To amplify the transposon insertion sites, 22 cycles of PCR were performed using a transposon-specific forward primer and a custom Illumina reverse primer (see Supplemental material), and 100 ng of DNA fragment library per reaction. Amplified libraries were cleaned up with a QiaQuick PCR product purification column following the manufacturer's instructions, eluted in 30 μL of EB, and then quantified by qPCR (Quail et al. 2008). The amplified DNA fragment libraries were sequenced on paired or single end Illumina flow cells using an Illumina GAII sequencer, for 36 or 54 cycles of sequencing, using a custom sequencing primer and 2× hybridization buffer (see Supplemental material; Supplemental Fig. S2). This primer was designed such that the first 10 bp of each read was transposon sequence. All raw sequence data can be accessed at ftp://ftp.era.ebi.ac.uk/vol11/ERA000/ERA000097 and metadata files at ftp://ftp.era-xml.ebi.ac.uk/ERA000/ERA000097.

Analysis of nucleotide sequence data

Sequence reads from the Illumina FASTQ files were parsed for 100% identity to the last 10 bp of the transposon (TAAGAGACAG). Matching sequence reads were stripped of this transposon tag, converted to Sanger FASTQ format and mapped to the S. Typhi Ty2 chromosome using MAQ version MAQ-0.6.8 (Li et al. 2008). The output from the MAQ mapview command was used to determine the first nucleotide position to which each read mapped, giving a precise insertion site.

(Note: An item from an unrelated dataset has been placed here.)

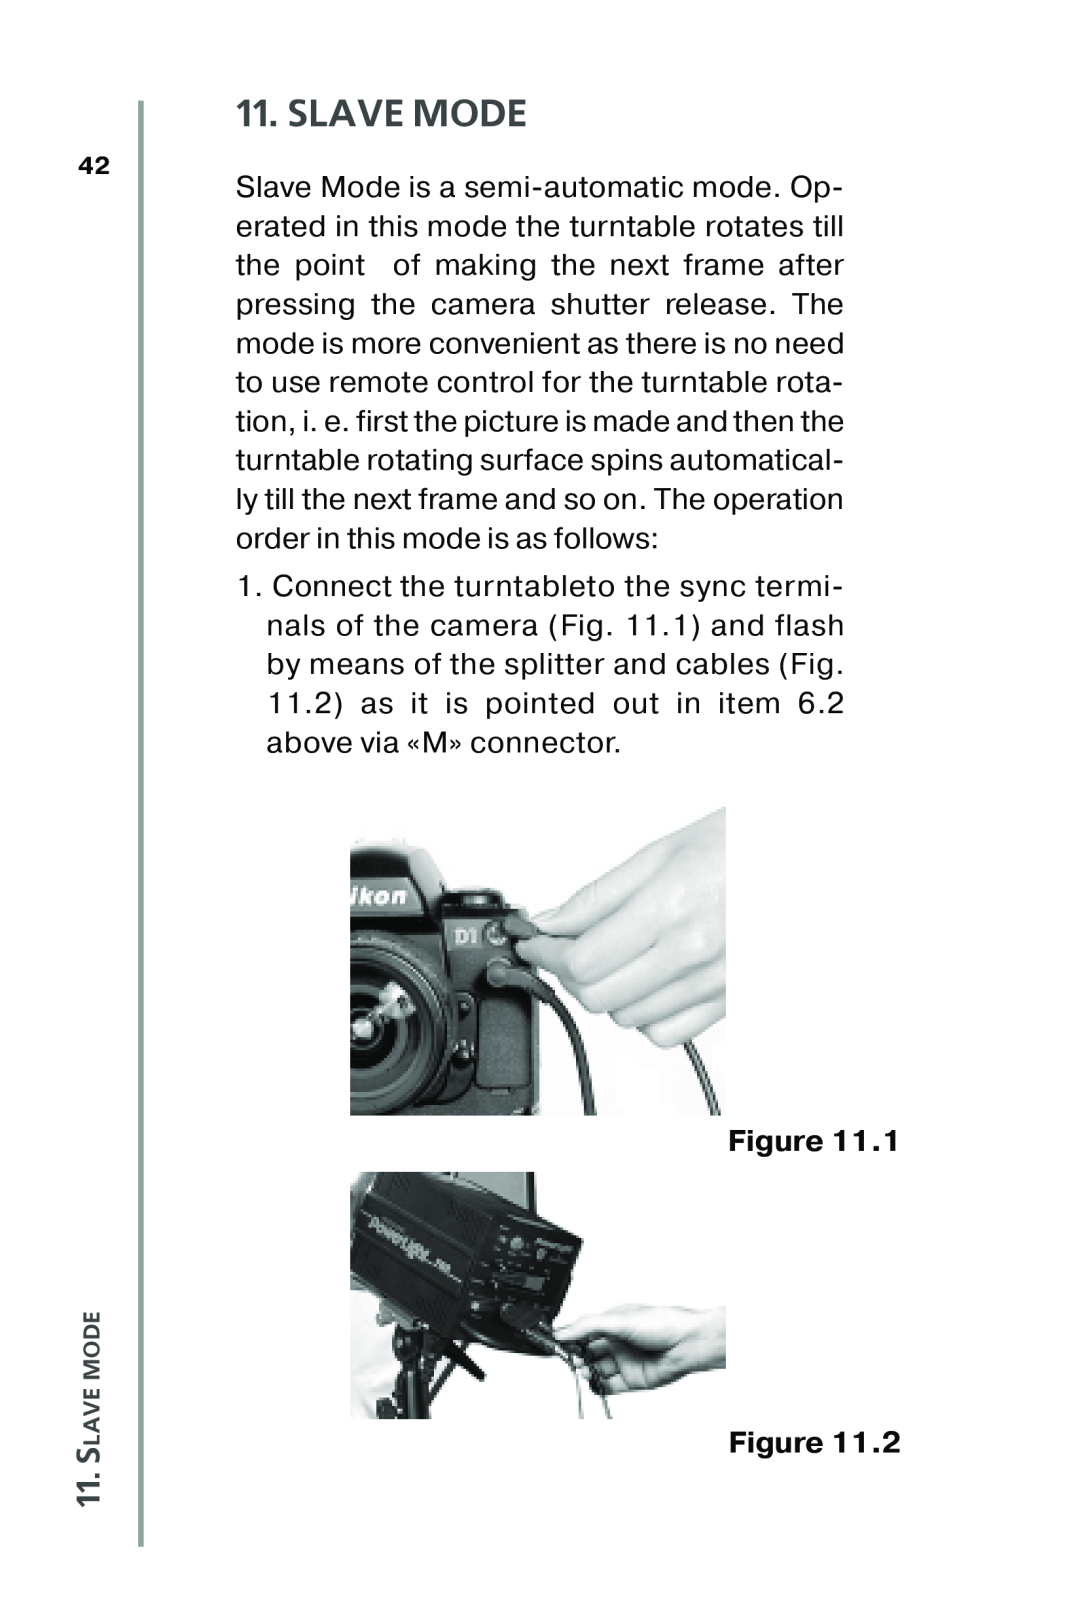 Nikon XT350, XT100 manual Slave Mode, Figure Figure 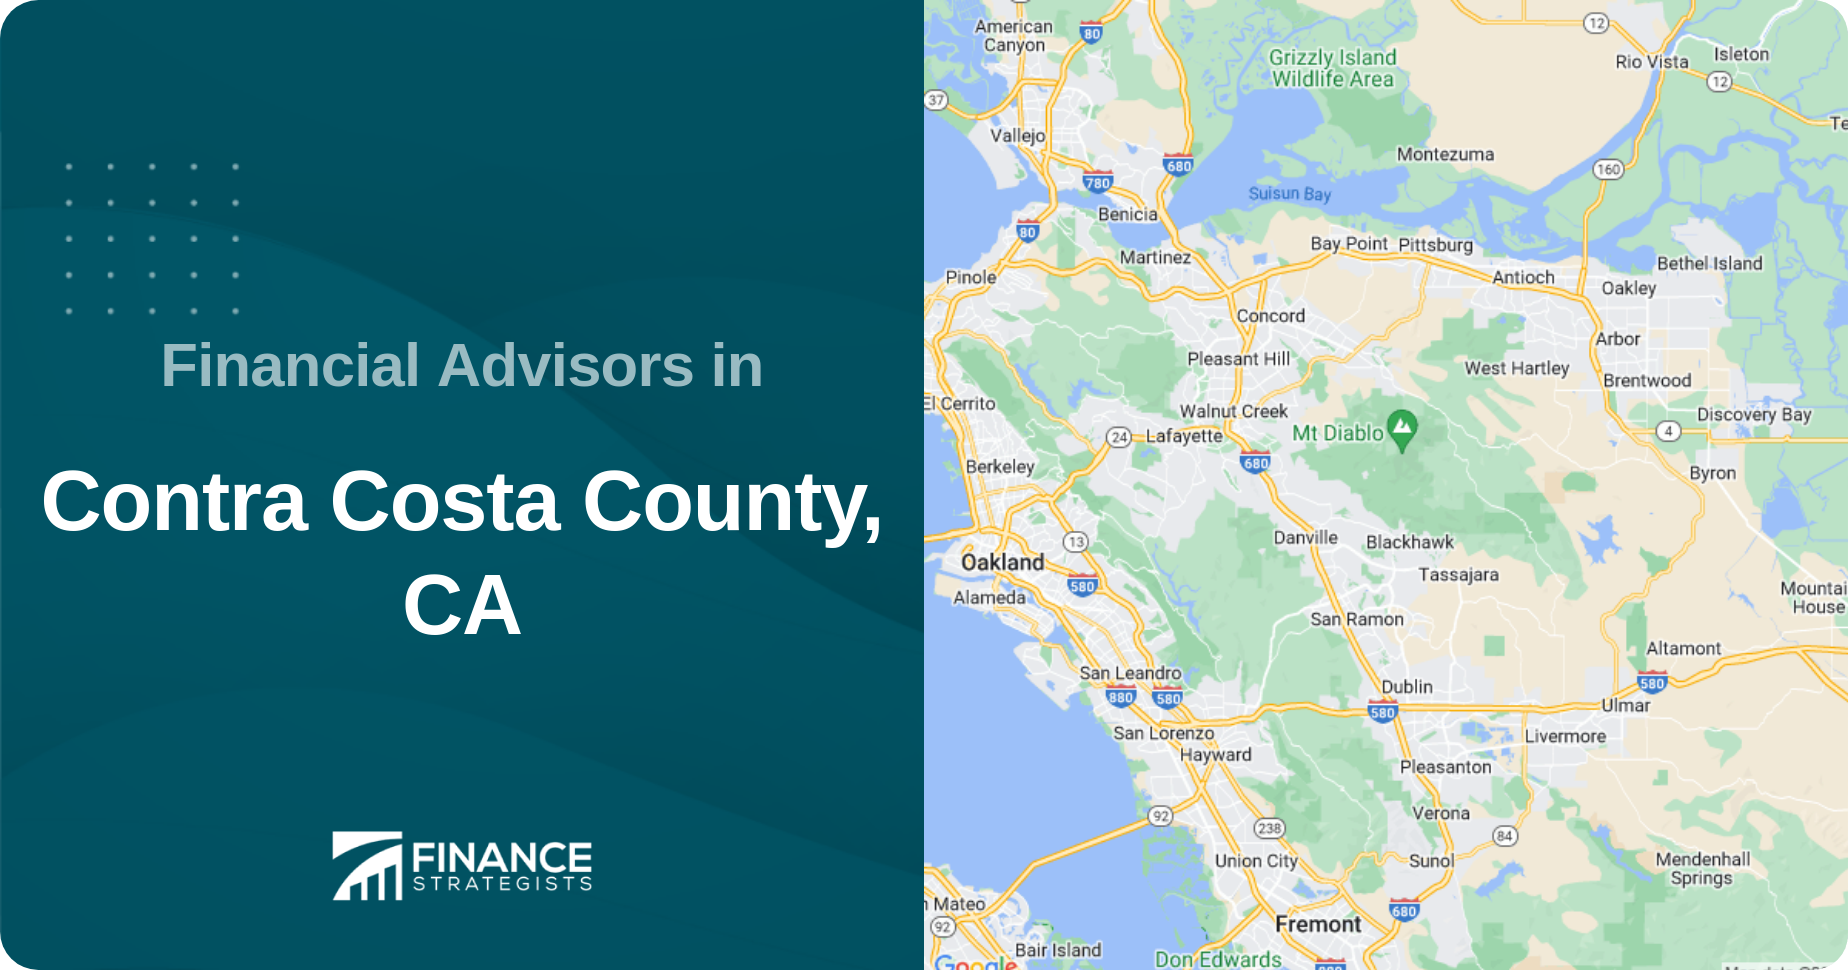 Financial Advisors in Contra Costa County, CA

The number and frequency of insertions mapping to each nucleotide in the S. Typhi genome were then determined for each growth condition. Comparison of these data with gene boundaries defined from the GenBank annotation (accession no. AE014613) enabled the number of sequence reads and the number of different insertion sites to be determined for every gene. Genes were grouped into functional classes based on the S. Typhi CT18 annotation (Parkhill et al. 2001). The number of insertions expected per functional class was calculated by dividing the total number of insertions recovered for a particular growth condition by the summed total of all gene lengths within that class.

Statistical analyses

Essential genes

As the number of insertion sites for any gene is dependent upon the gene length, the values were made comparable by dividing the number of insertion sites by the gene length to give an “insertion index” for each gene. The distribution of insertion indices is bimodal, corresponding to the essential (mode at 0) and nonessential models. For the original mutant pool and each passage condition, we fitted gamma distributions for the two modes using the R MASS library (http://www.r-project.org). Log2-likelihood ratios (LR) were calculated between the essential and nonessential models for each condition and we called a gene essential if it had a log2-LR of less than −2, indicating it was at least four times more likely according to the essential model than the nonessential model. Genes were assigned “nonessential,” if they had a log2-LR of greater than 2.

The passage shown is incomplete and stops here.